__Records for this task__.
====

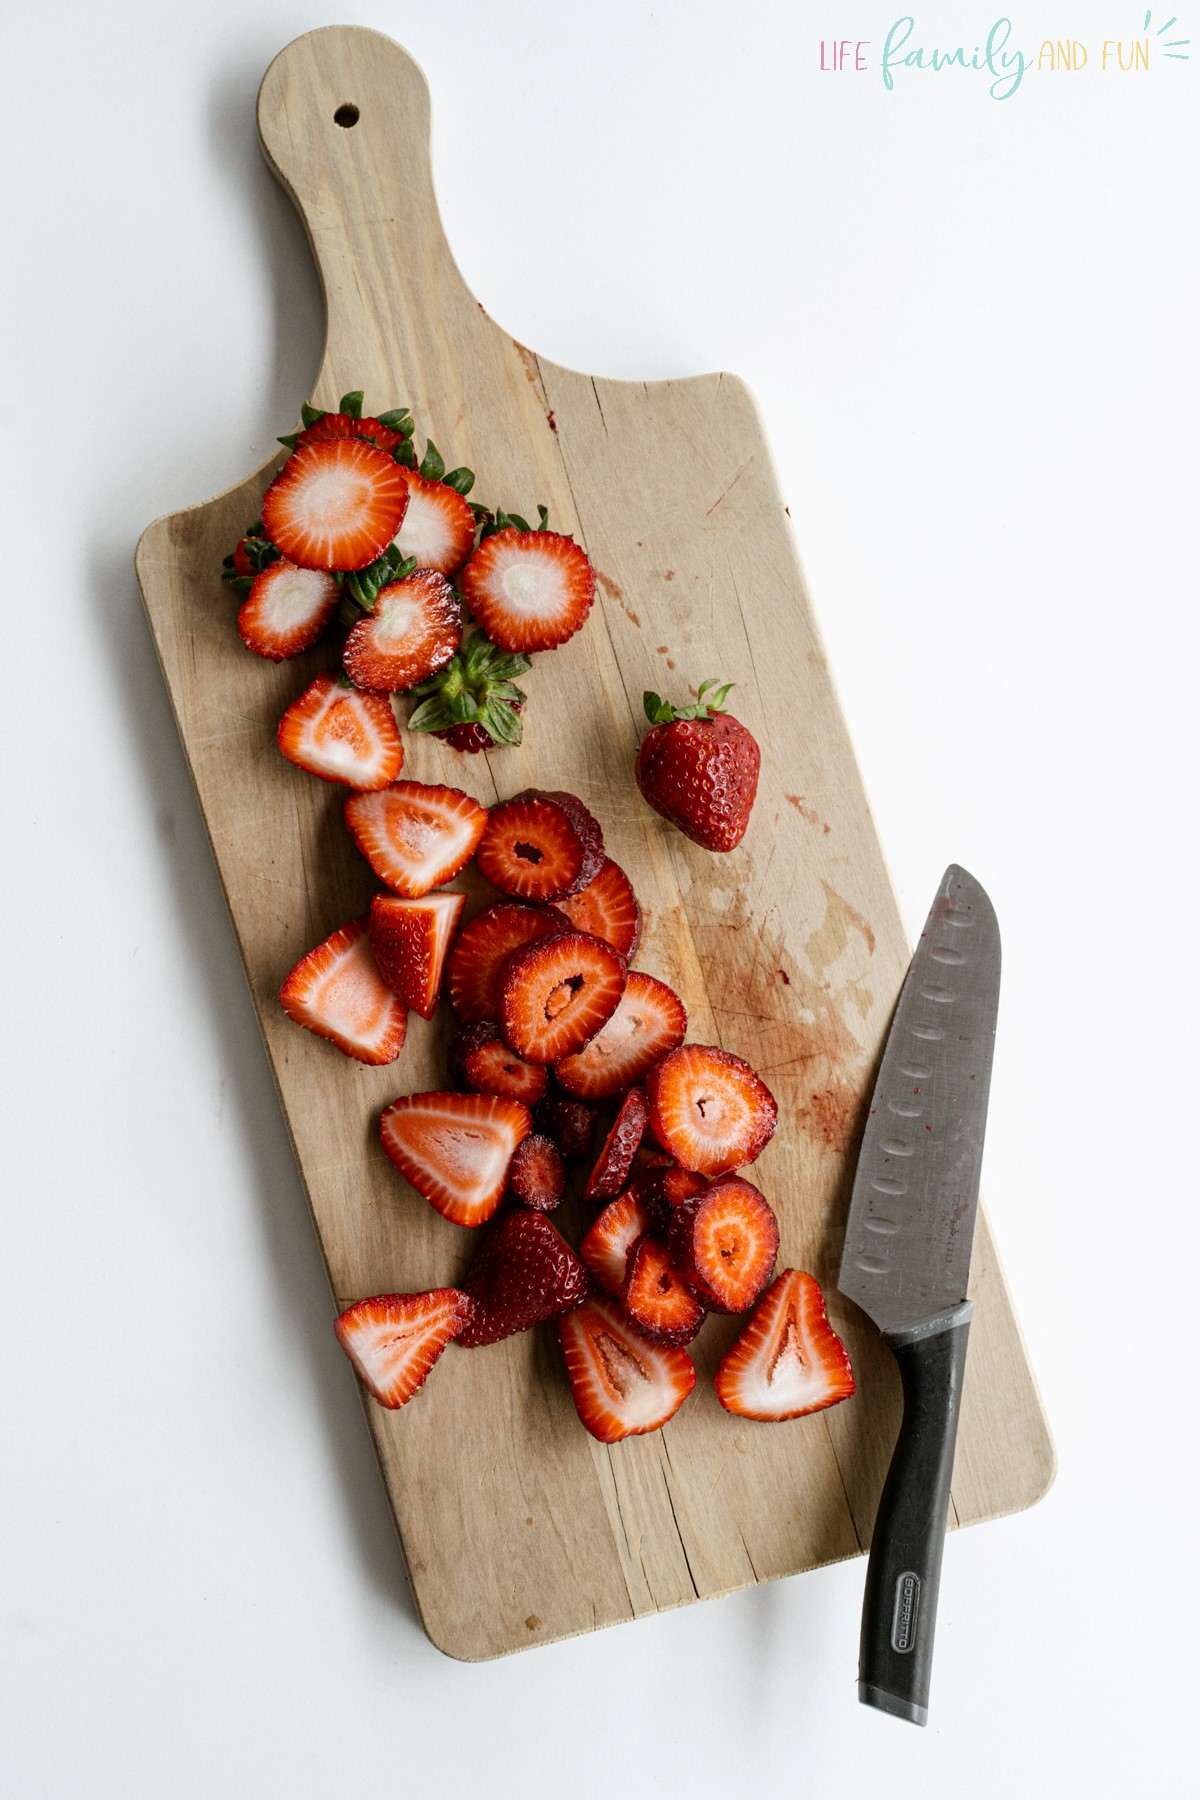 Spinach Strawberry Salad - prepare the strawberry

====

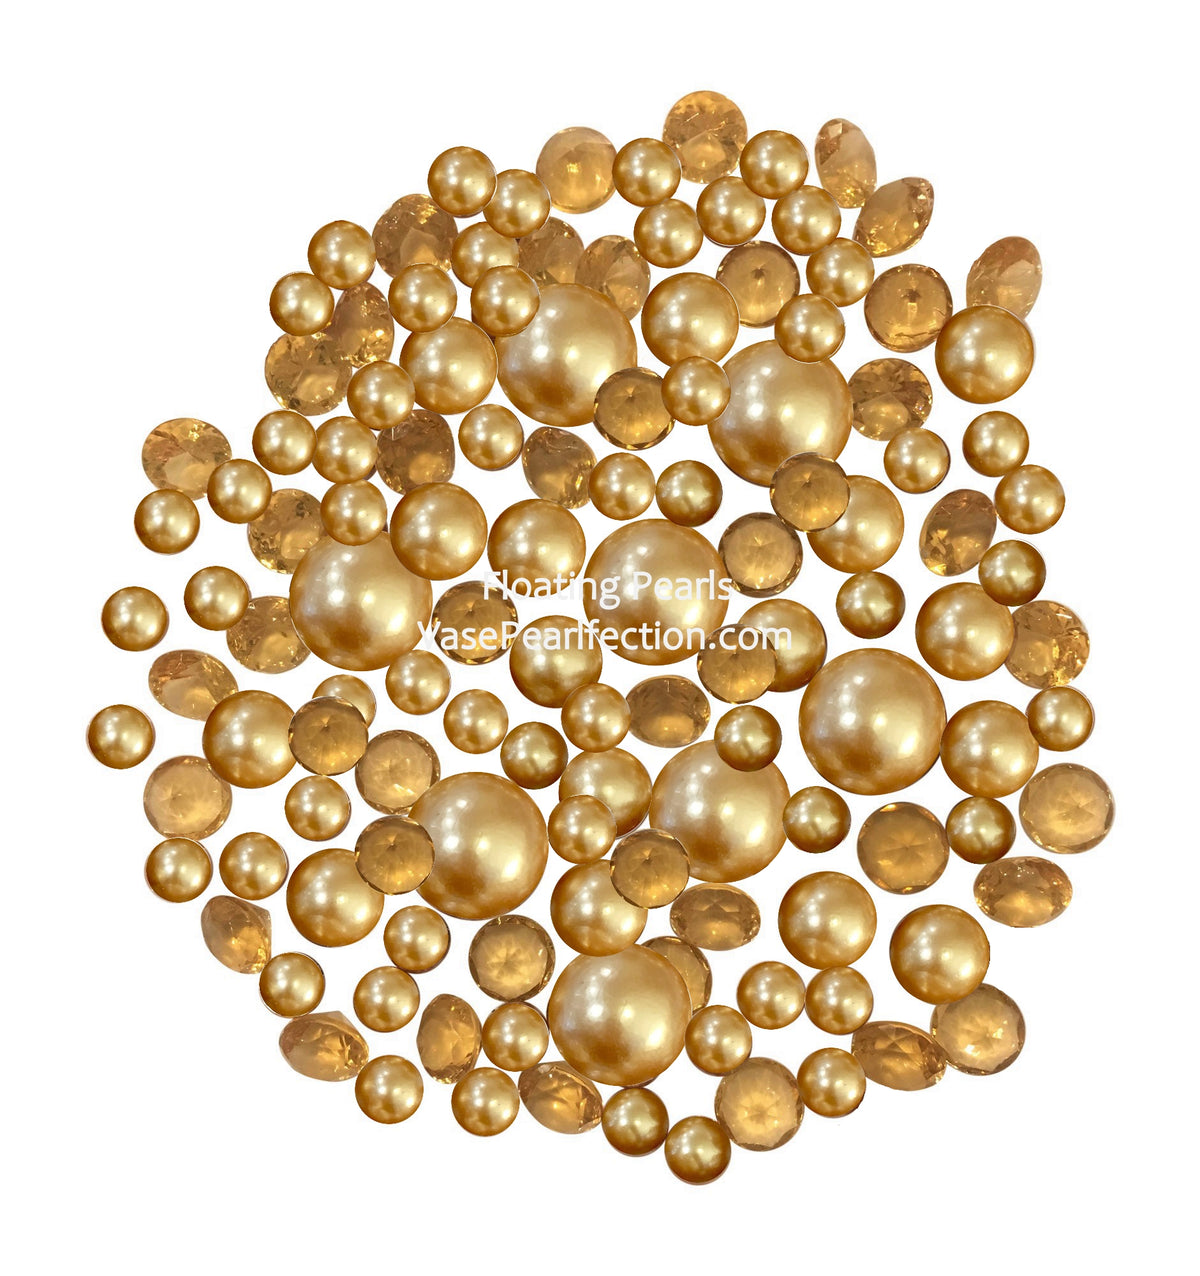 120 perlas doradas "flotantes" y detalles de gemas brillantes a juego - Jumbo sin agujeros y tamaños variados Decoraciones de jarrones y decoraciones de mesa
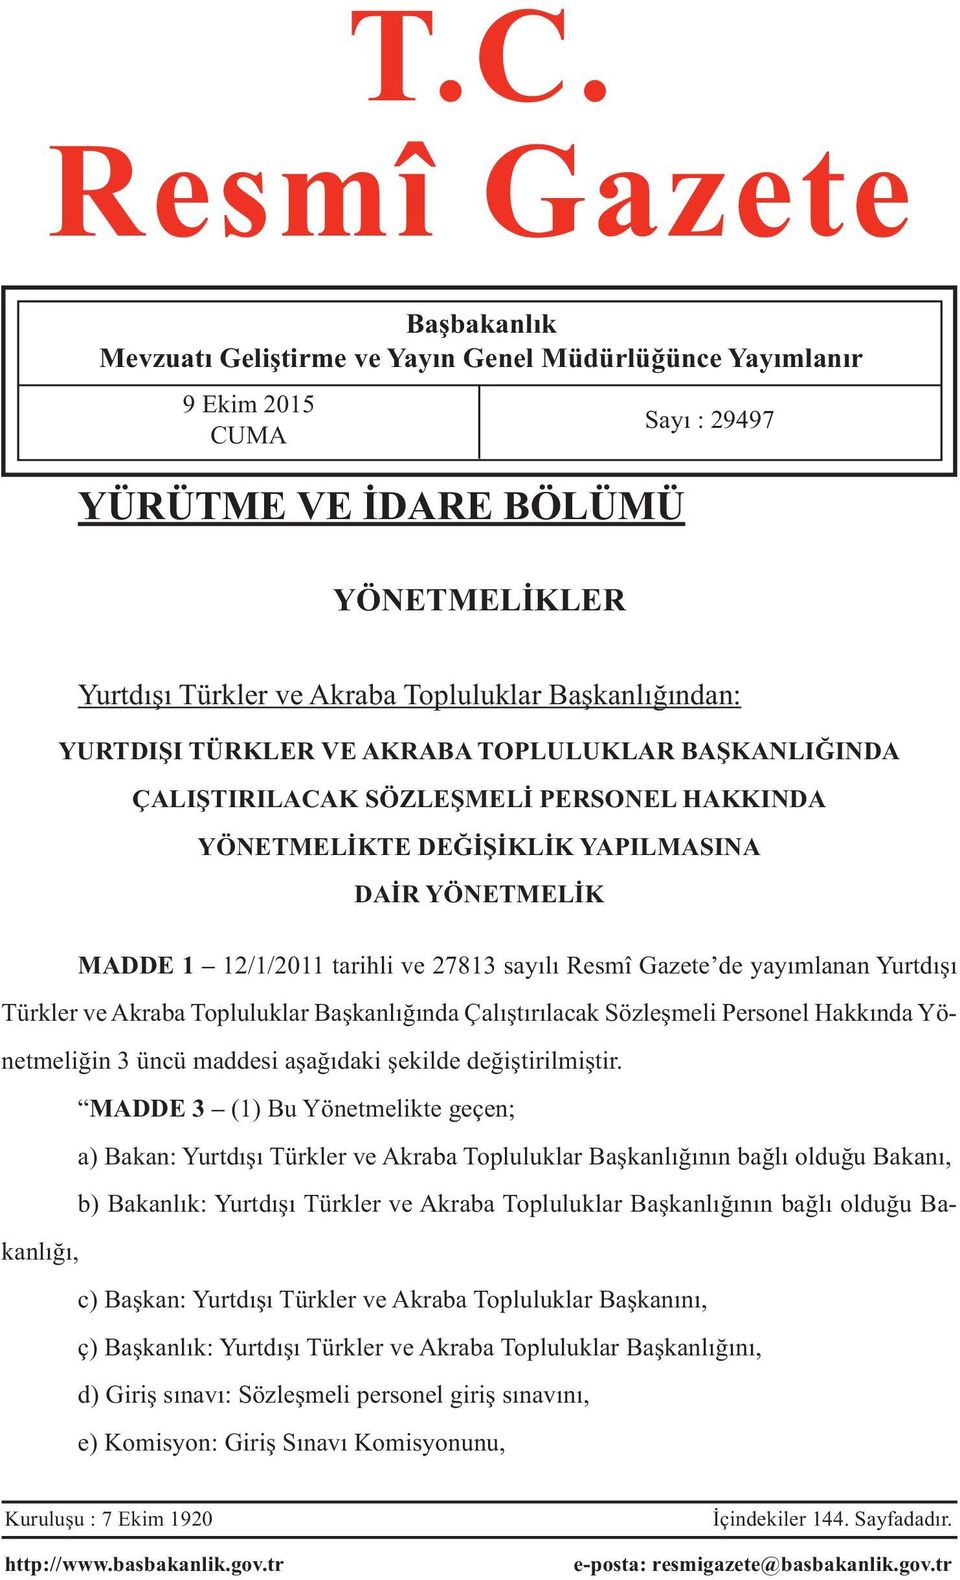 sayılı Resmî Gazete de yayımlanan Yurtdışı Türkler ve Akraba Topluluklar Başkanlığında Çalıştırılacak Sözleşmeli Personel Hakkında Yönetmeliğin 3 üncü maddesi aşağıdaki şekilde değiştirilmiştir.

====

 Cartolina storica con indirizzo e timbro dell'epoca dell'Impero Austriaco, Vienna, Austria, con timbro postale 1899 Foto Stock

====

__What you will do__.
Word for word, restate the lines above from the one with "120 perlas doradas" through the one with "sayılı Resmî Gazete", keeping both ends and dropping the pictures.

__Response to this task__.
 120 perlas doradas "flotantes" y detalles de gemas brillantes a juego - Jumbo sin agujeros y tamaños variados Decoraciones de jarrones y decoraciones de mesa
 sayılı Resmî Gazete de yayımlanan Yurtdışı Türkler ve Akraba Topluluklar Başkanlığında Çalıştırılacak Sözleşmeli Personel Hakkında Yönetmeliğin 3 üncü maddesi aşağıdaki şekilde değiştirilmiştir.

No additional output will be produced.